Thank you @wunderflo That was really nice to hear


----------



## Angus (Oct 21, 2022)

Is it possible to load just one vln, vc or vla? Or do the patches always include the entire string quartet? If the latter, how are notes distributed between the strings if a chord (or common note) is played and can that be adjusted?


----------



## midiman (Oct 21, 2022)

These new kids on the block keep impressing me. This one has a really artsy feel to them. There is nothing wrong about these tools


----------



## wrongtools (Oct 21, 2022)

Angus said:


> Is it possible to load just one vln, vc or vla? Or do the patches always include the entire string quartet? If the latter, how are notes distributed between the strings if a chord (or common note) is played and can that be adjusted?


Hi @Angus They all play together, in a balanced manner. Naturally the cello will play alone from C2, then the viola+cello together from C3. At the higher register you'll only hear violins.


----------



## wrongtools (Oct 22, 2022)

Just wanted to share this moment with you.... Celebrating that Feathersome is finally ready for release, with a cake at Sinober - a cabin / café a two hour walk straight into the woods, just north of Oslo. 

Also celebrating first 8000 orders. ( Most of these are the freebies.... but still )


----------



## Bee_Abney (Oct 22, 2022)

Congratulations! But should you really be drinking that much vodka?


----------



## Akoustecx (Oct 22, 2022)

Bee_Abney said:


> Congratulations! But should you really be drinking that much vodka?


Vodka? Obviously not. But as it's Iceland, it's probably Brennivin, which due to the amount of Caraway, means it counts as at least one of your 5 a day, so, Hell Yeah!


----------



## Bee_Abney (Oct 22, 2022)

Akoustecx said:


> Vodka? Obviously not. But as it's Iceland, it's probably Brennivin, which due to the amount of Caraway, means it counts as at least one of your 5 a day, so, Hell Yeah!
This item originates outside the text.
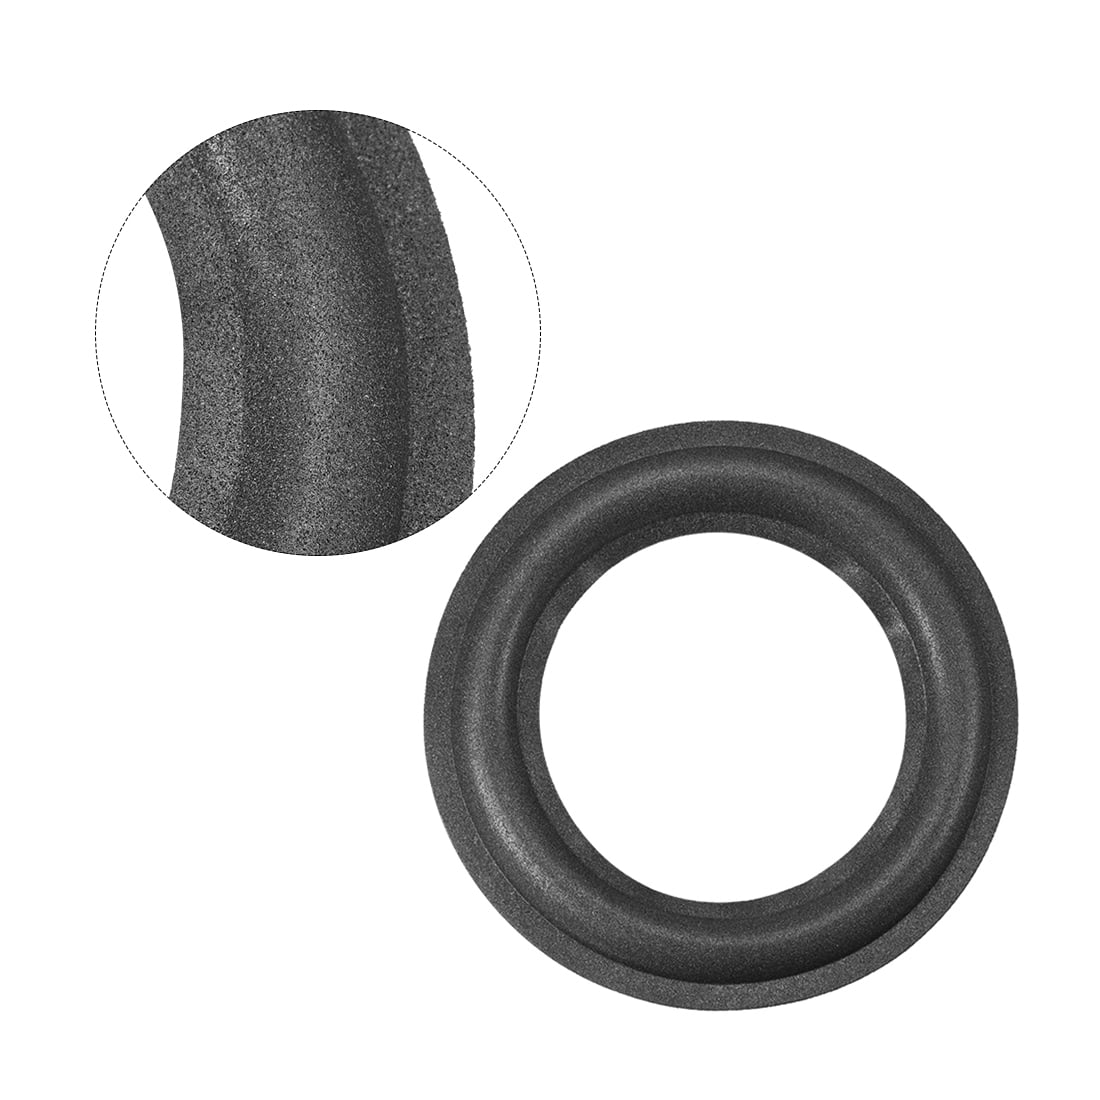 uxcell 4.5 inches 4.5 inch Speaker Foam Edge Surround Rings Replacement Parts for Speaker Repair or DIY 2pcs

Or Norway. But it isn’t Aquavit.


----------



## Akoustecx (Oct 22, 2022)

Bee_Abney said:


> Or Norway. But it isn’t Aquavit.


Bugger! Good point, well made.
I obviously need more water of life to clear my mind.


----------



## Chamberfield (Oct 22, 2022)

* patiently waiting for Nov. 3rd *


----------



## DSmolken (Oct 22, 2022)

Seems like the nice and gentle side of extended articulations. Teasers are very promising.


----------



## Marcus Millfield (Oct 23, 2022)

Sounds wonderful! I'm also looking forward to the first episode of the strings ensemble scheduled for next year


----------



## ananth725 (Oct 23, 2022)

Great tones!


----------



## Angus (Oct 24, 2022)

Marcus Millfield said:


> Sounds wonderful! I'm also looking forward to the first episode of the strings ensemble scheduled for next year


First episode? Strings ensemble? Is there more to come?


----------



## kgdrum (Oct 24, 2022)

@wrongtools I’m really trying to ignore this evil thread,lol

When I think about being teased by a feather believe me it’s under an entirely different set of circumstances………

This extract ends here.